Orbis made the effort. Holding out a hand to be shaken, he said, “Hi. I’m the Reverend Orbis McClune.”
She looked up, ignoring the hand. “I know what your damn name is. Listen. Did you understand what will happen if you push that button?”
He frowned at her. “I just said I did. It’ll destroy that star. Is that what you mean?”
“Yeah. That’s what I mean. It will neutralize its gravity, which means——can you guess?”
“Make it explode?” he hazarded.
“Damn straight it will explode,” she told him contemptuously. “Like the kind of explosion that will make everybody anywhere near it dead. Like it did Will Barendt when he blew up that moon—you didn’t believe Wan was going to let him go free, did you? Like the two of us.”
He was puzzled. “
But we’re dead already, really.”
“Idiot. That’s just our bodies. Remember, our works are going to be with us, and if this ship gets destroyed, as it will, what do you suppose is going to happen to them?” She nodded somberly. “So then we’ll be really, really dead, Mr. Reverend McClune. So no matter what he says, unless you want to be permanently dead, don’t push that button!”
He blinked at her. “You mean dead dead?”
“That’s exactly what I mean. Totally dead. No more alive in any form dead. Meet your Maker dead. Past this mortal coil dead.”
He gazed at her in silence for a moment. Then, “Oh,” he said. “I see.”
17
* * *
In Achiever’s Ship
I
The spaceport on Forested Planet hadn’t changed in the time—what was it? A month or two, anyway—since Estrella and Stan landed there, but that wasn’t true of the spaceship that was waiting for them. It surely had. It was metallic, all right, but neither human silver nor Heechee blue. The front part of it was a shiny raspberry red. The middle was the pale green of a honeydew melon, and the rear—well, that was hard to describe because it kept changing. And the spacecraft was shaped like nothing so much as some weird species of squid, with little finlets up near the nose and tentacle shapes squirming around on the flickering tail. And it was big.

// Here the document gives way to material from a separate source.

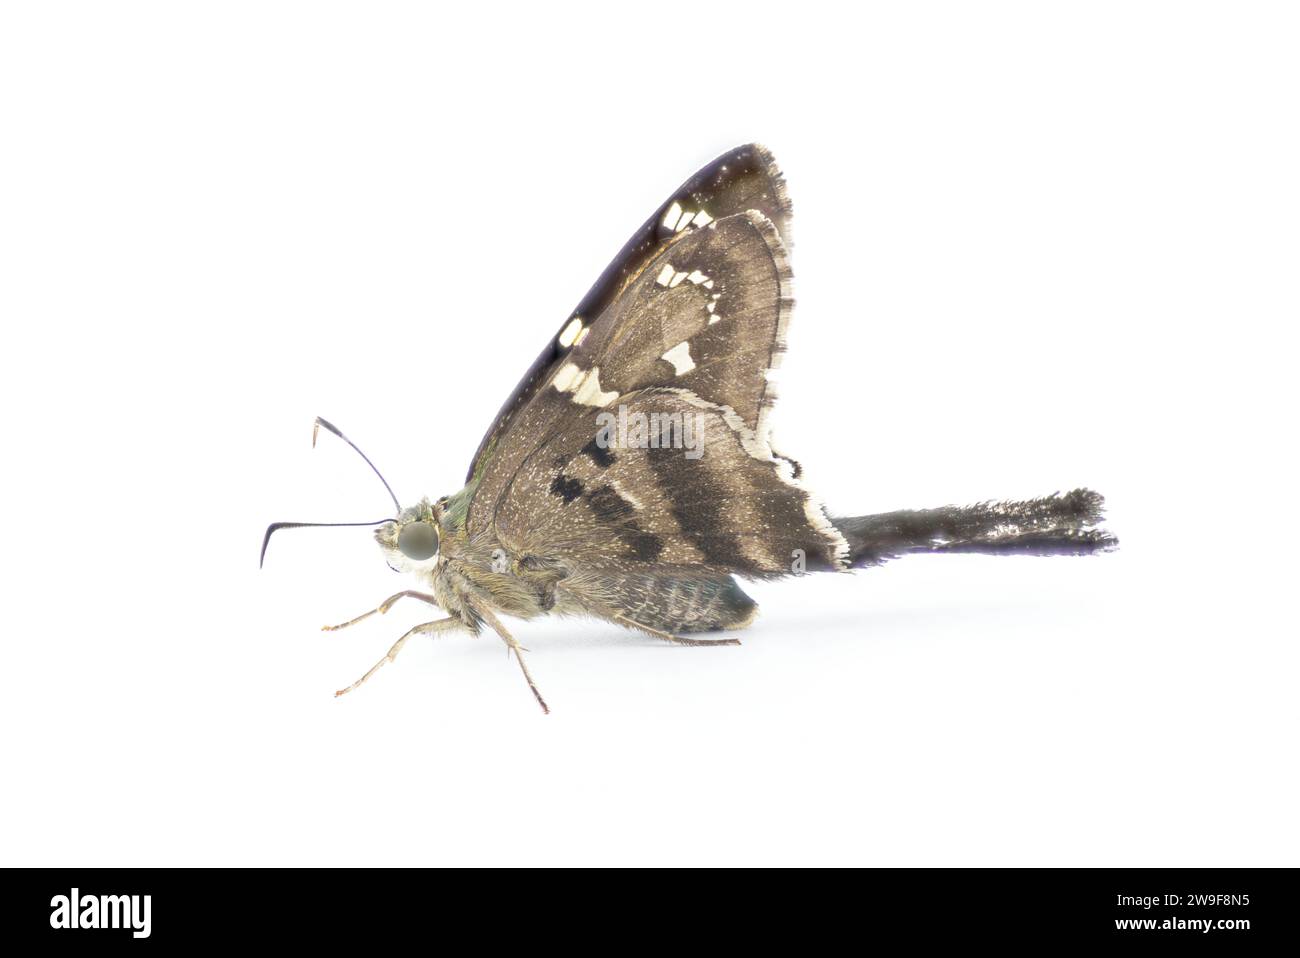 Skipper dalla coda lunga o frullatore di fagioli - Urbanus proteus - grande farfalla grigia, nera con torace blu verde comune nel sud-est degli Stati Uniti Foto Stock

Achiever was waiting for them on the landing deck, almost hopping with pleasure. “Welcome!” he cried. “To each of you I say, jointly and severally, welcome! As you see, I fortunately have excellent ship now at my disposal. Very new! Very speedy! Also very agile because, as you see, is interstellar spacecraft but is quite capable of transportation within planetary atmosphere as well. Now come, please, come aboard.” He led the way, walking dexterously backward the better to carry on a conversation with them. “Is this not quite excellent?” he asked with pride. “Of course it is a completely new ship entirely, this is going without saying. And—” he gave an explosive little titter—“is entirely mine. Now I ask a question of you: Have you comprehended how it is that spacecraft have become so technologically splendid? It is because Outside of Core, in recent centuries of Outside time, spacecraft of this kind have newly been invented—invented, that is to say, by inventors of my kind, not yours, of course. This particular spacecraft is provided to me for me, copilot and two of you being passengers. Reason for which,” he added, “relates to requirement that I am to spend much time in proximity with, or to, persons of your ethnicity. This requirement caused by previous errors in my apprehension, of which you know.”